In an action to recover damages for personal injuries, the plaintiff appeals from an order of the Supreme Court, Queens County (Kitzes, J.), dated August 24, 2004, which granted the separate motions of the defendant Reckson Associates Realty Corp. and the third-party defendant L&L Gardens, Inc., for summary judgment dismissing the complaint.
Ordered that the order is affirmed, with one bill of costs.
The plaintiff slipped and fell on ice on the exterior stairs of a building managed by the defendant Reckson Associates Realty Corp. Pursuant to a written snow removal contract, the third-party defendant L&L Gardens, Inc., performed snow and ice removal services on the premises. The Supreme Court granted the respective motions of those parties for summary judgment dismissing the complaint. We affirm.

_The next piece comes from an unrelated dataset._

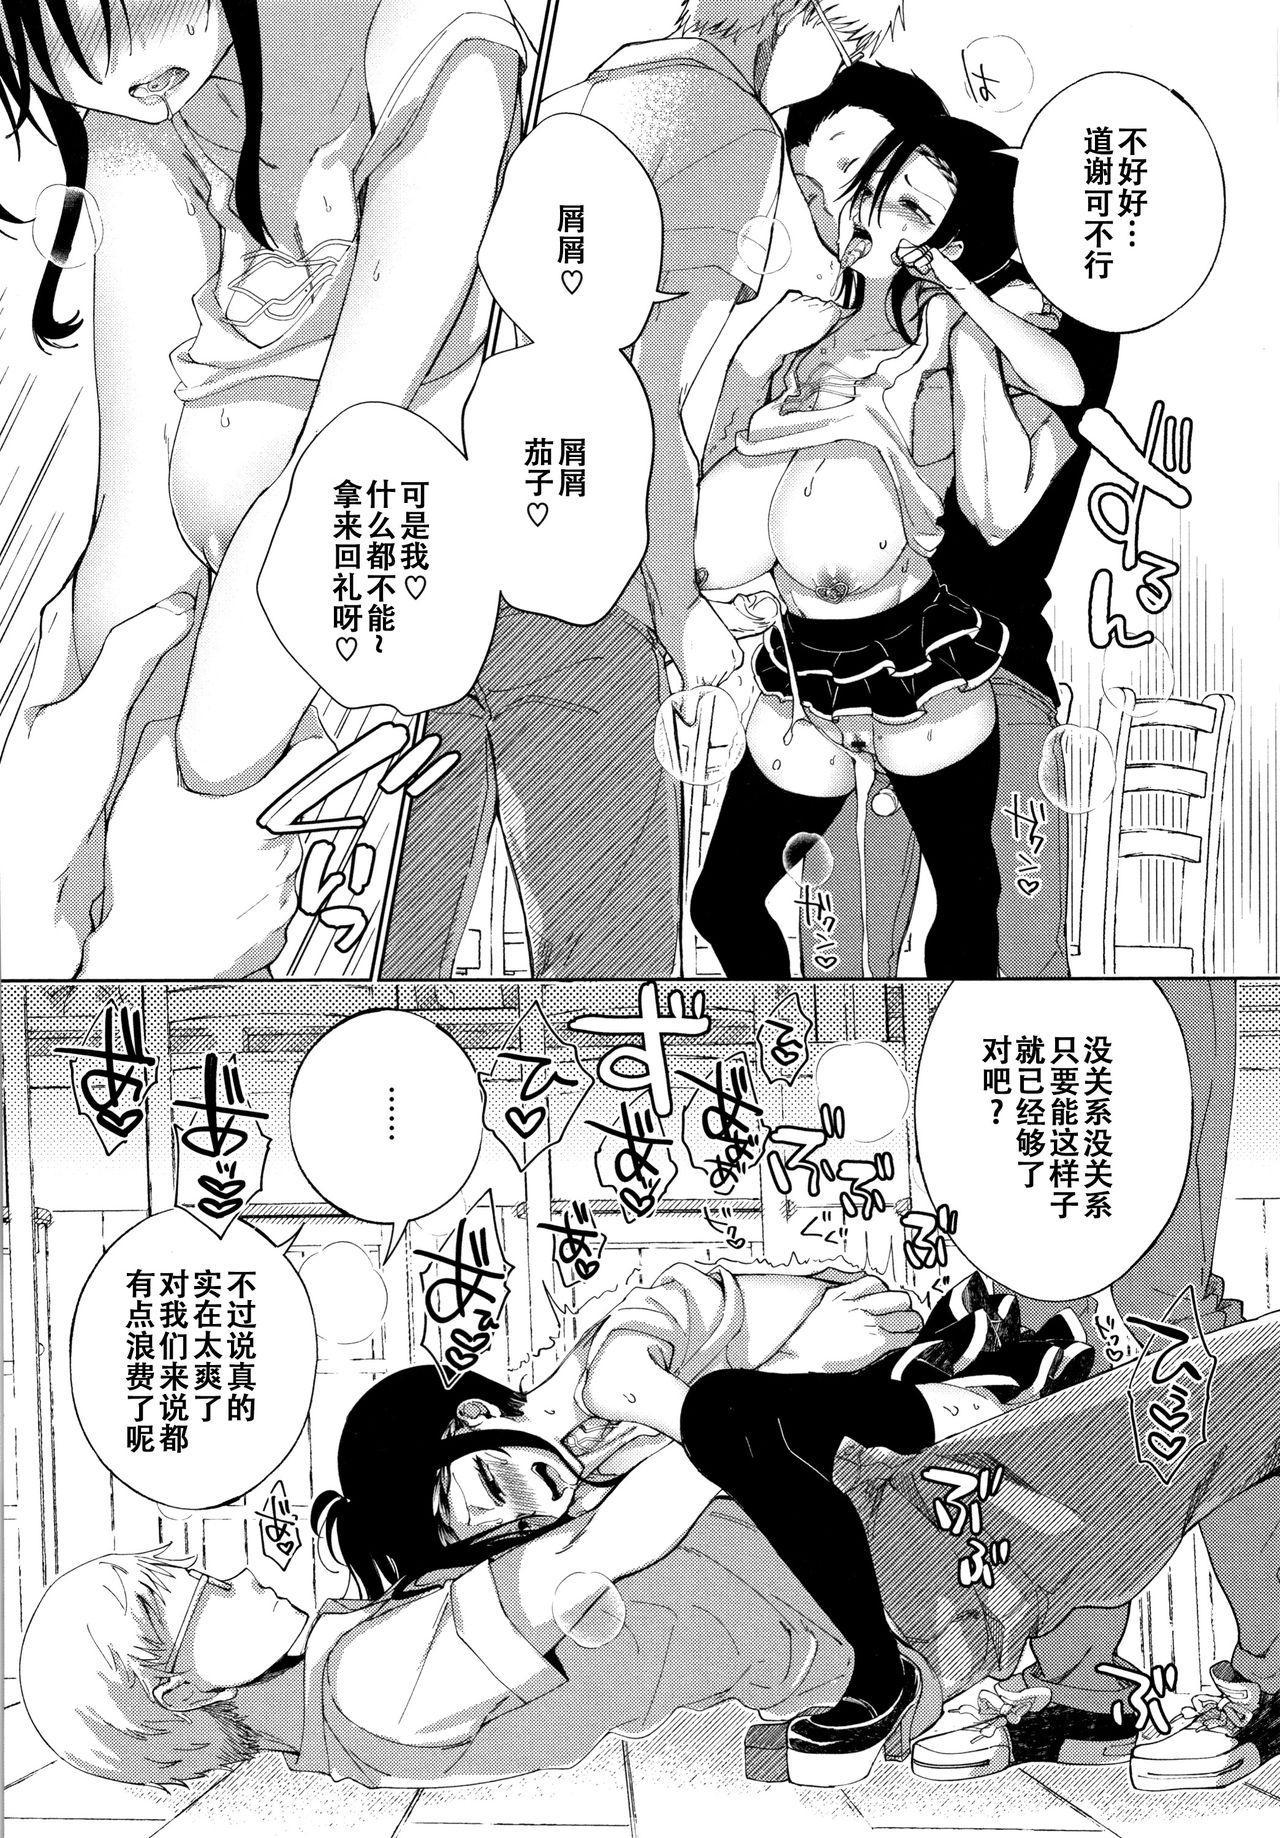 [Achumuchi] Saijaku Gal wa Ikizurai! - The weakest pussy is hard to go.ch.1-3 [Chinese] [战栗的玻璃棒汉化] [Ongoing] 44

A party in control of real property may not be held liable for accidents occurring as a result of the accumulation of snow or ice on its premises until an adequate period of time has passed following the cessation of a storm to allow the party to remedy the hazardous condition (see Gor v High View Estates Owners Corp., 17 AD3d 316 [2005], lv denied 5 NY3d 709 [2005]; Dowden v Long Is. R.R., 305 AD2d 631 [2003]).
The defendant and L&L Gardens, Inc., established their prima facie entitlement to summary judgment with evidence of the plaintiff’s own observations that there was ongoing precipitation at the time of the accident. In opposition, the plaintiff failed to raise a triable issue of fact. Therefore, the Supreme Court properly granted the motions for summary judgment dismissing the complaint. Schmidt, J.P., Krausman, Luciano and Covello, JJ., concur.